Takashi Miike – “Box” Analysis

September 3, 2010 § 18 Comments

With the compilation Three… Extremes, we see very specifically how each director believes a horror movie should “behave” in a sense. With Fruit Chan, you may interpet an overall eeriness and the building of suspense with numerous but vague clues as to what is transpiring. With Park Chan-Wook, maybe he assesses the genre as something that can be self-aware and still manage to shock you. But with Takashi Miike, I feel that, in this case at least, he believes in the theme of silence and stillness, which explains firstly the hollowness of the soundtrack, in turn giving more impression to such sounds as the subtle music box and the shrill setting ablaze of the tent. Secondly, this explains the very slow pacing, giving time to feel the impact of each piece of new information you see. He also generally avoided usual horror elements and only retrieves them sporadically like a trickster.
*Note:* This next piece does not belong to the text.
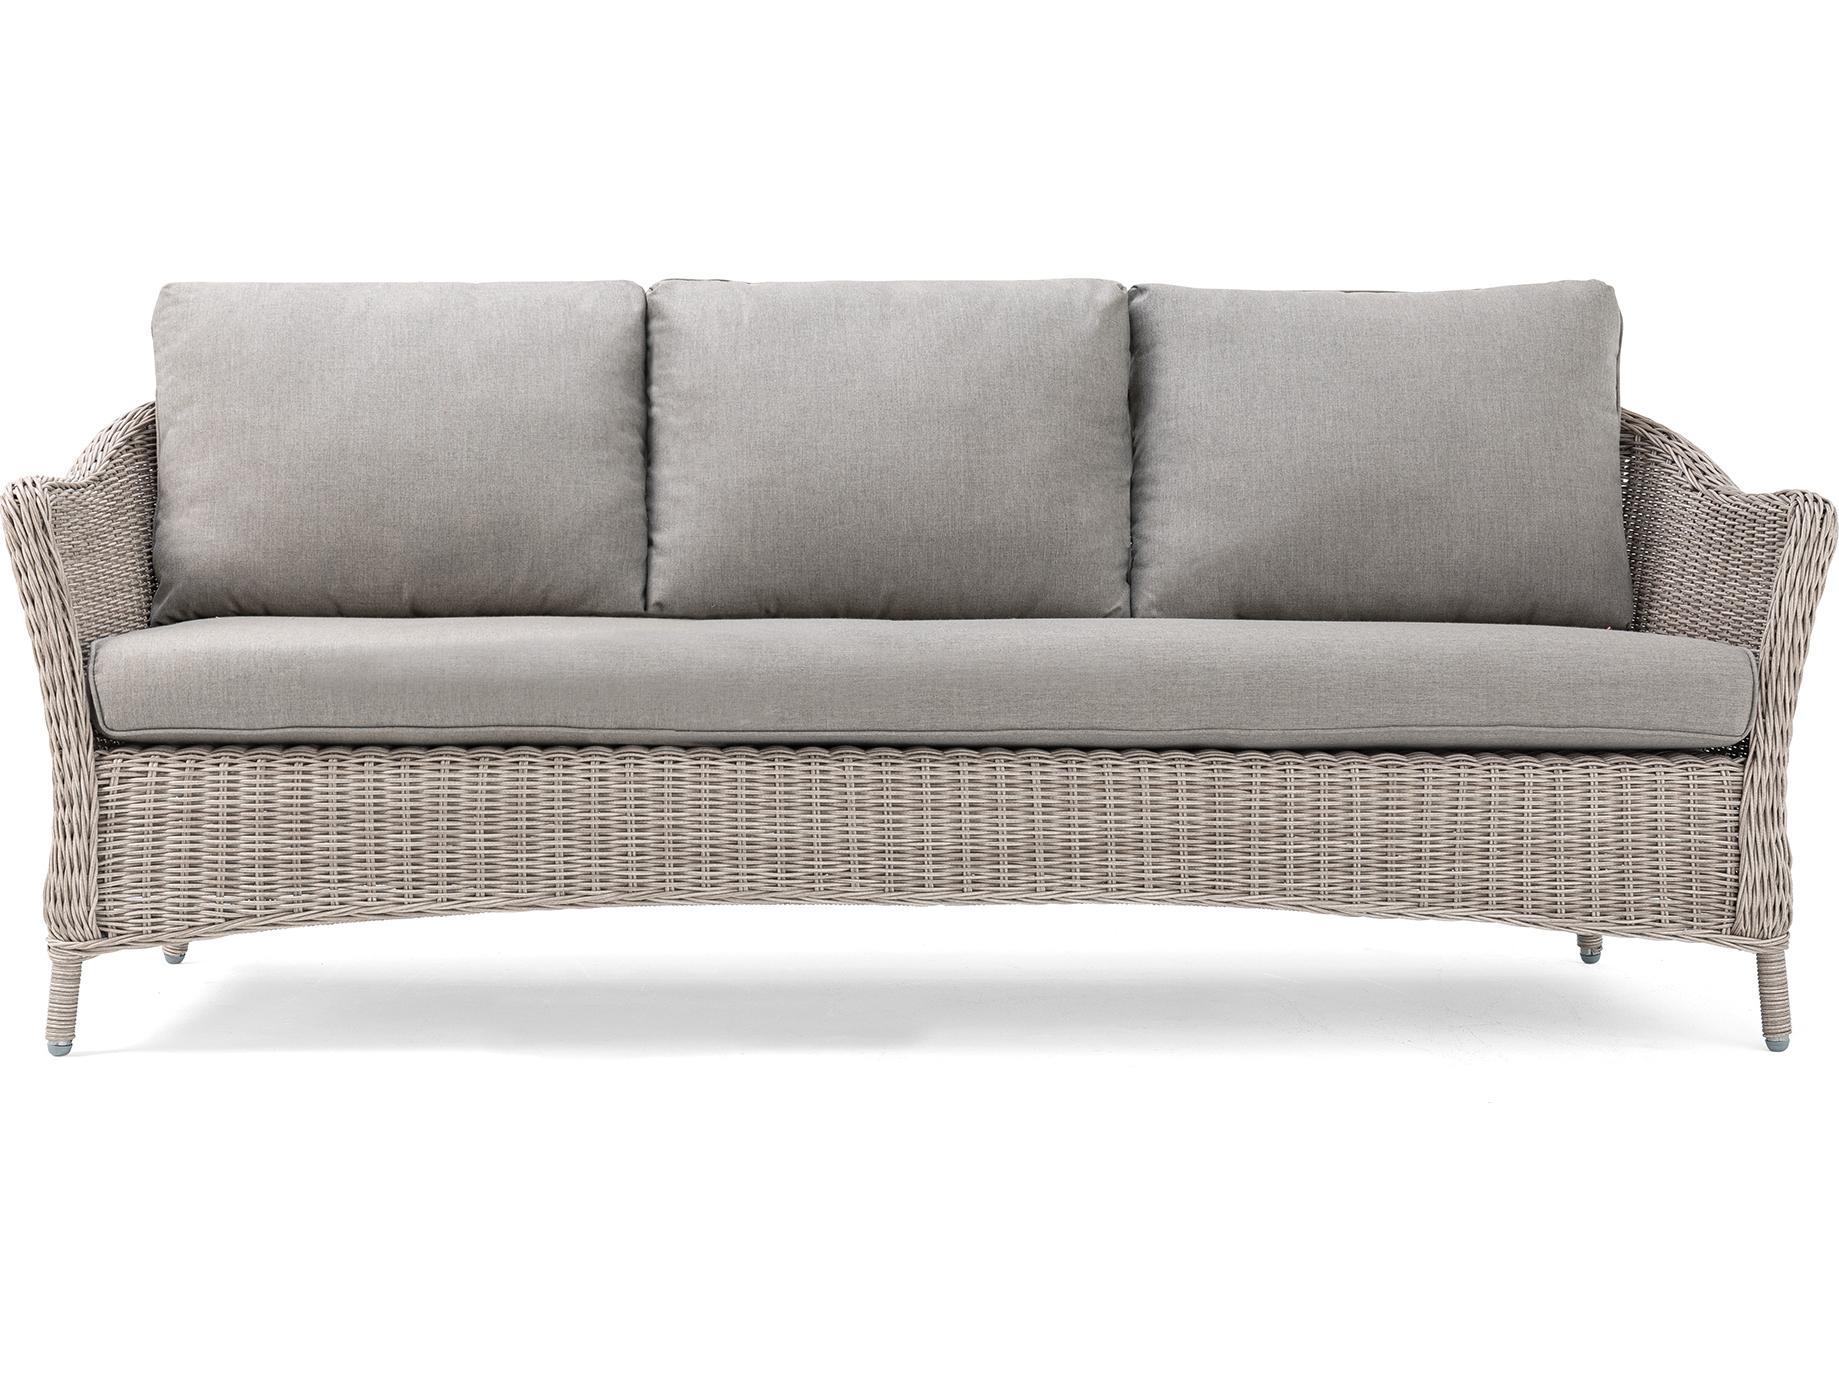 La Z Boy Quick Ship Laurel Cushion Gray Wicker Sofa In Pertaining To Laurel Gray Sofas (View 3 of 15)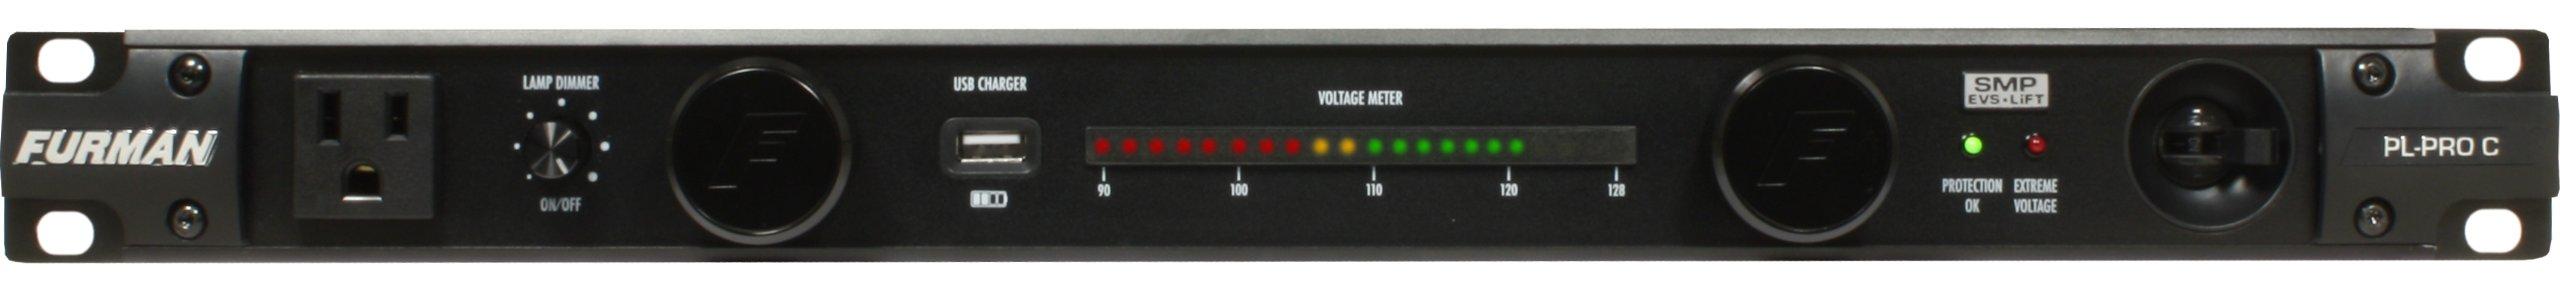 Furman PL-PRO C 20 Amp Advanced Level Power Conditioner

Clearly the most apparent concept of “Box” is the blurring of reality and dreams. Throughout the first 38 minutes, it’s the something you try to decipher, but the ending tells you that it was all a dream.  Does this make the whole movie a useless exercise in storytelling? I find completely the opposite to be true for the ending reveals a key element; the two girls are conjoined in reality. That will be indulged in soon. Color also plays a pivotal role: you see Kyoko (the main girl who grew up) in white first as she wakes up, but then after the title shot you see her at her job with a blue scarf and blue dress. The man that meets her there is her editor, Yoshii, who is the same actor playing Higata in the tent. She touches Yoshii’s face where Higata gets the scar, tying those two characters together. This is the first dream level.

The title may allude to the story being connected by boxes, even outside of the main two. However, perhaps the boxes are secondary to the final twist. What do the Siamese twins represent? They are always together in reality, but during the dream(s) they are not only separate but completely separate spirits. They still share the same face but feel different emotions. In the second dream level, Shoko is favored by Higata even though they performed identically, gives her a blue necklace, and the next few sequences guide you to believe that Kyoko develops an inferiority complex, leading to her accidentally killing Shoko in the blue box.

However, there’s no reason for Kyoko to feel inferior to Shoko. She’s the main part of the real body, or at least the larger part. Perhaps the final line that “our dreams differ slightly” is meant to be ironic. Kyoko is allegedly to be the one dreaming, but what if some of it is Shoko instead? Kyoko dream ends horribly for herself. Shoko seems to think that Kyoko wants to kill her, and justifies it by dreaming that she was actually better than her but was Higata’s victim because Kyoko was the one who was jealous.

In fewer words: your archetypal projection of jealousy. To Shoko, Kyoko is the one who can walk around. Shoko merely “floats” on Kyoko’s body (hence the floating in the stairwell, oh how daft). So, perhaps their dreams sort of spliced together for an instant, which has been known to happen with Siamese twins. The most logical example is when Shoko stared at and then ignored Higata suffocating Kyoko; that’s where it’s most evident the dreams blended together for a bit so that Shoko had her own reprise. Shoko’s projection of herself in Kyoko would explain why in the dreams Kyoko is connected with blue but in real life blue represents Shoko (there is also another point in the beginning where Kyoko says “The box is too small, I can’t breathe”, which could be an indication of this).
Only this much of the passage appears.